Mohler writes in The High Cost of Being Cool:

The outrage directed at Rick Warren must be seen in this context. It is a genuine outrage expressed by gay activists and their liberal allies. To these Obama supporters, it is unthinkable that the President-elect could have chosen Warren for such a prominent role. As one letter to the editor in Friday's edition of The New York Times expressed the sentiment, "Barack Obama’s choice of the Rev. Rick Warren to deliver the invocation at the presidential inauguration is as if Lyndon B. Johnson had selected a pastoral proponent of racial segregation to deliver the invocation in 1965."

Here is the deep irony -- Rick Warren has devoted enormous energy toward the goal of defusing the culture war and creating common ground. He has attracted the criticism of many conservative evangelicals who have been concerned about how these efforts have been positioned and for what often appears as comments at their expense. At times, Warren has even had to issue clarifications in order to make his generalized statements more specific. If the President-elect wanted to choose a figure recognized as an evangelical in the public eye, but sympathetic to much of his stated agenda to unite, he could scarcely have chosen a more recognizable figure than Rick Warren.

But now many of Obama's own supporters attack Rick Warren as if he is a hate-driven homophobe, which he clearly is not. All that was necessary to bring on this opposition is Warren's opposition to same-sex marriage and his support for Proposition 8. Now, he is grouped along with the most strident and careless as an apostle of hatred.

It doesn't take much. We would all like to be considered cool. Cultural opposition is a tough challenge and bearing public hatred is a hard burden. Being cool means being considered mainstream, acceptable, and admirable. Believing that same-sex marriage is wrong is enough to turn "uncool" in an instant, at least in many circles.
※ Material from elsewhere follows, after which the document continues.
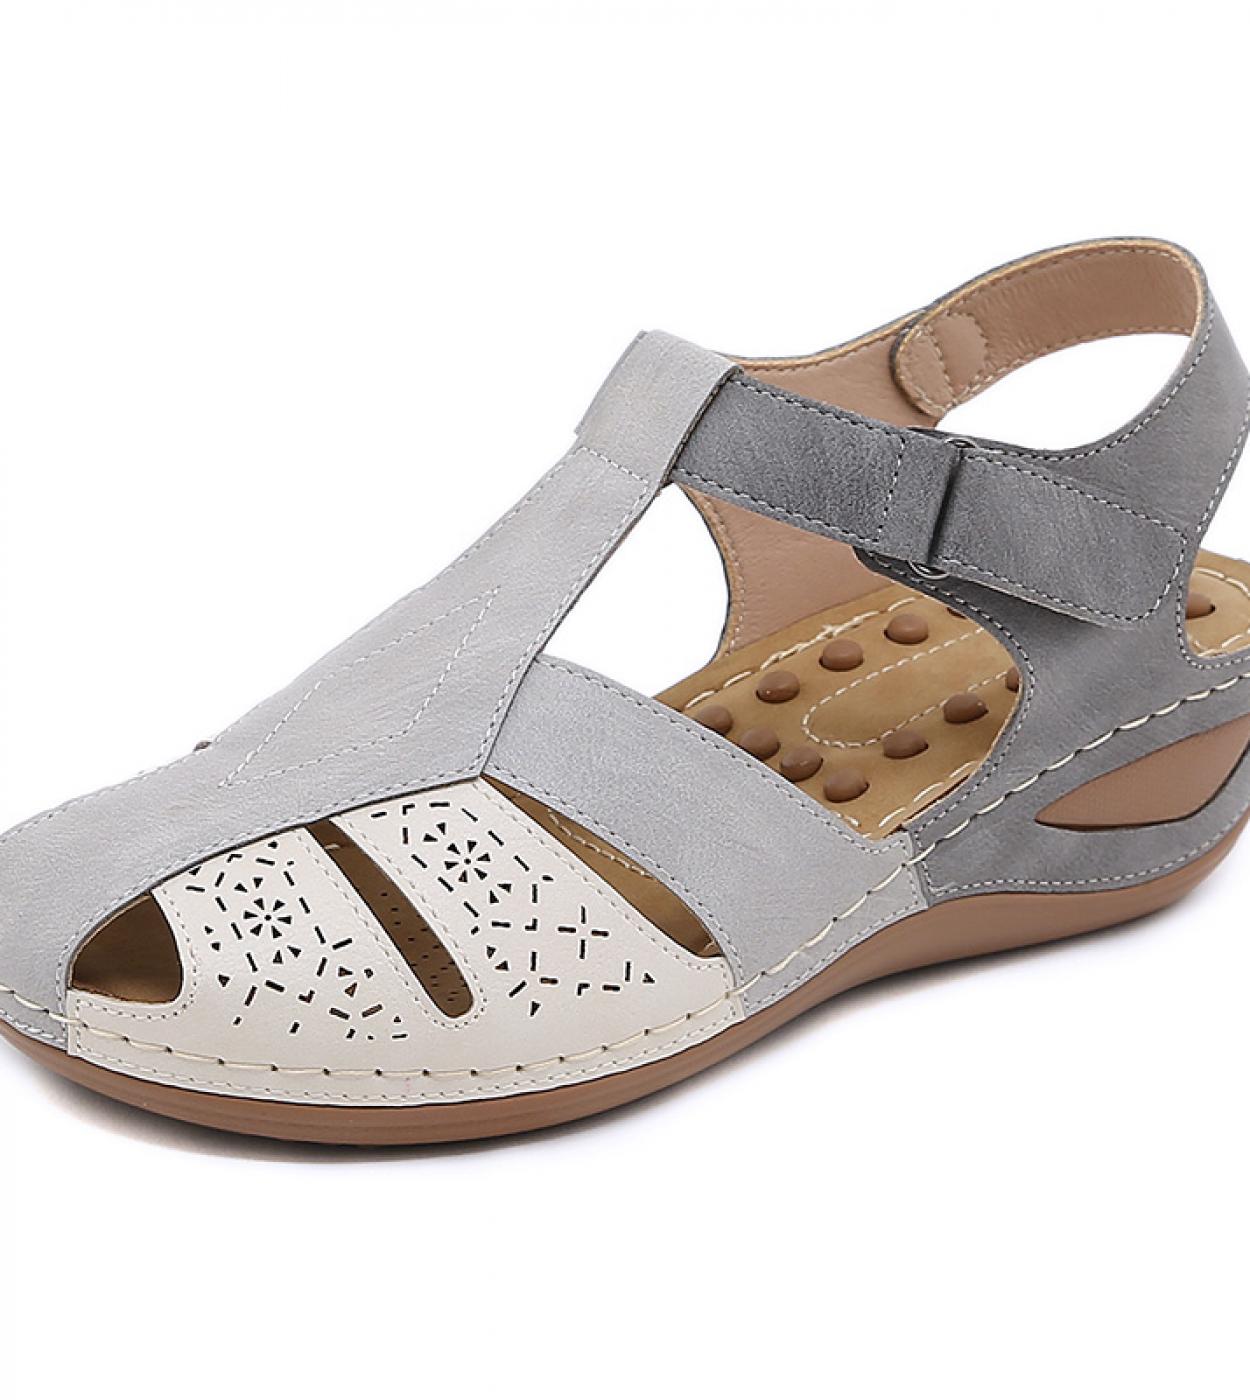 Nouveau 55 cm compensées talons hauts femmes sandales couleurs mélangées plate-forme sandales chaussures dété pour femmes déco
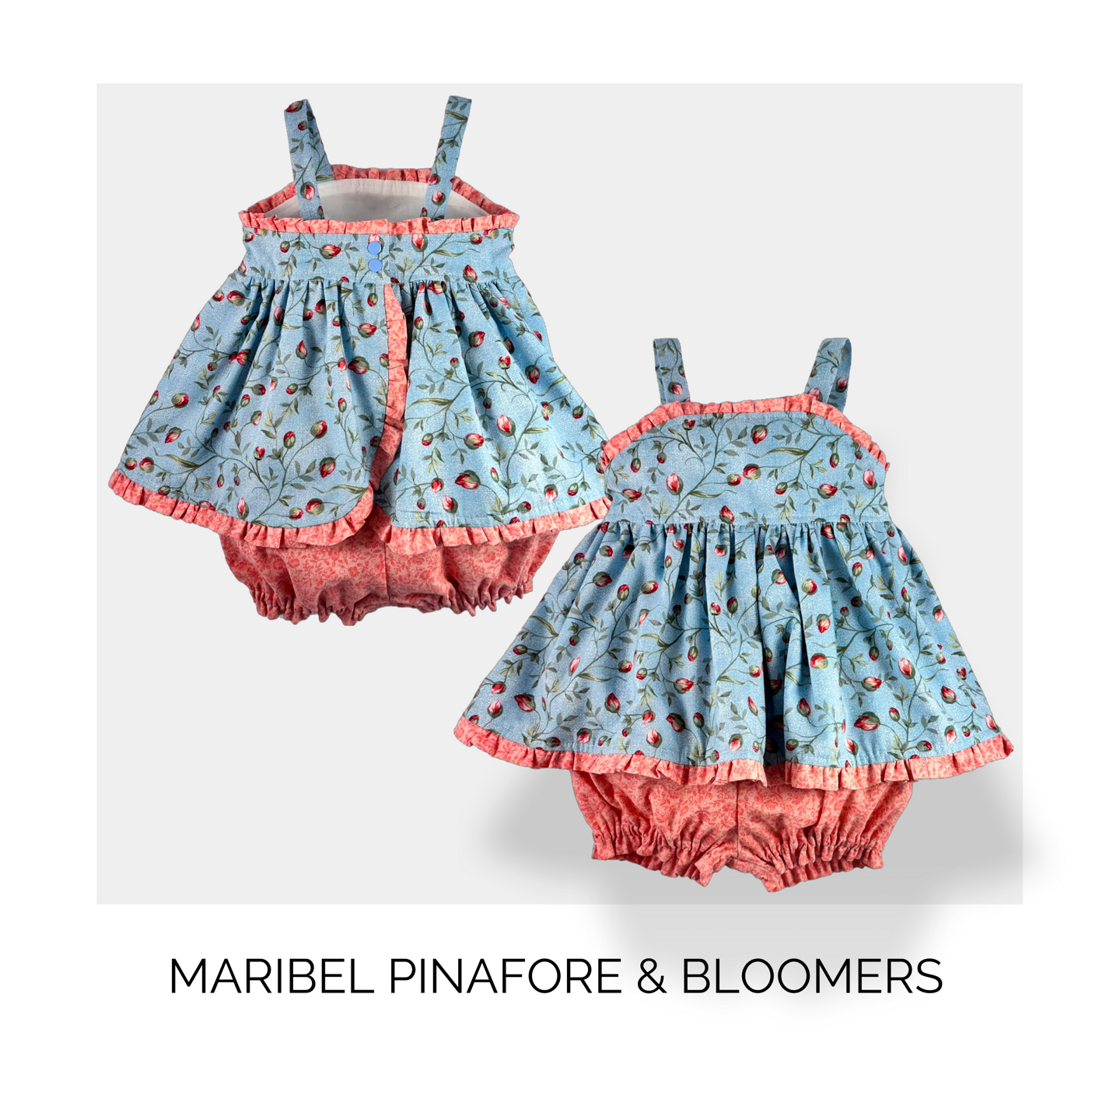 Maribel Pinafore and Bloomers

I am not throwing Rick Warren to the wolves over this. He now finds himself in a whirlwind, and he will not be the last. Pastor after pastor and church after church will face a similar challenge in short order. No matter how cool you think you are or think that others think you are, the hour is coming when the issue of homosexuality -- taken alone -- will be the defining issue in coolness. If you accept the full normalization of homosexuality, you will be cool. If you do not, you are profoundly uncool, no matter how much good work you do nor how much love and compassion you seek to express.

With an eye to history and to the future of Warren and many conservatives like him, Dr. Mohler points out that a time comes when we often have to choose to be cool or to be true to the gospel.

Liberal Protestantism came to this conclusion long ago, and those churches desperately want to be considered cool by the elites. Having abandoned biblical authority, there is nothing to prevent them moving fast into coolness. The only barriers are outposts of conservative opposition, but they will not last long.

Many in the "emerging" and "Emergent church movements also state their intention to transcend the divisive issues like abortion and homosexuality. Some of these represent the quintessence of cool in cultural identification. But for how long? Eventually, the issue of homosexuality will require a decision. At that point, those churches will find themselves facing a forced decision. Choose ye this day: Will it be the Bible or coolness?

Both of these articles are interesting.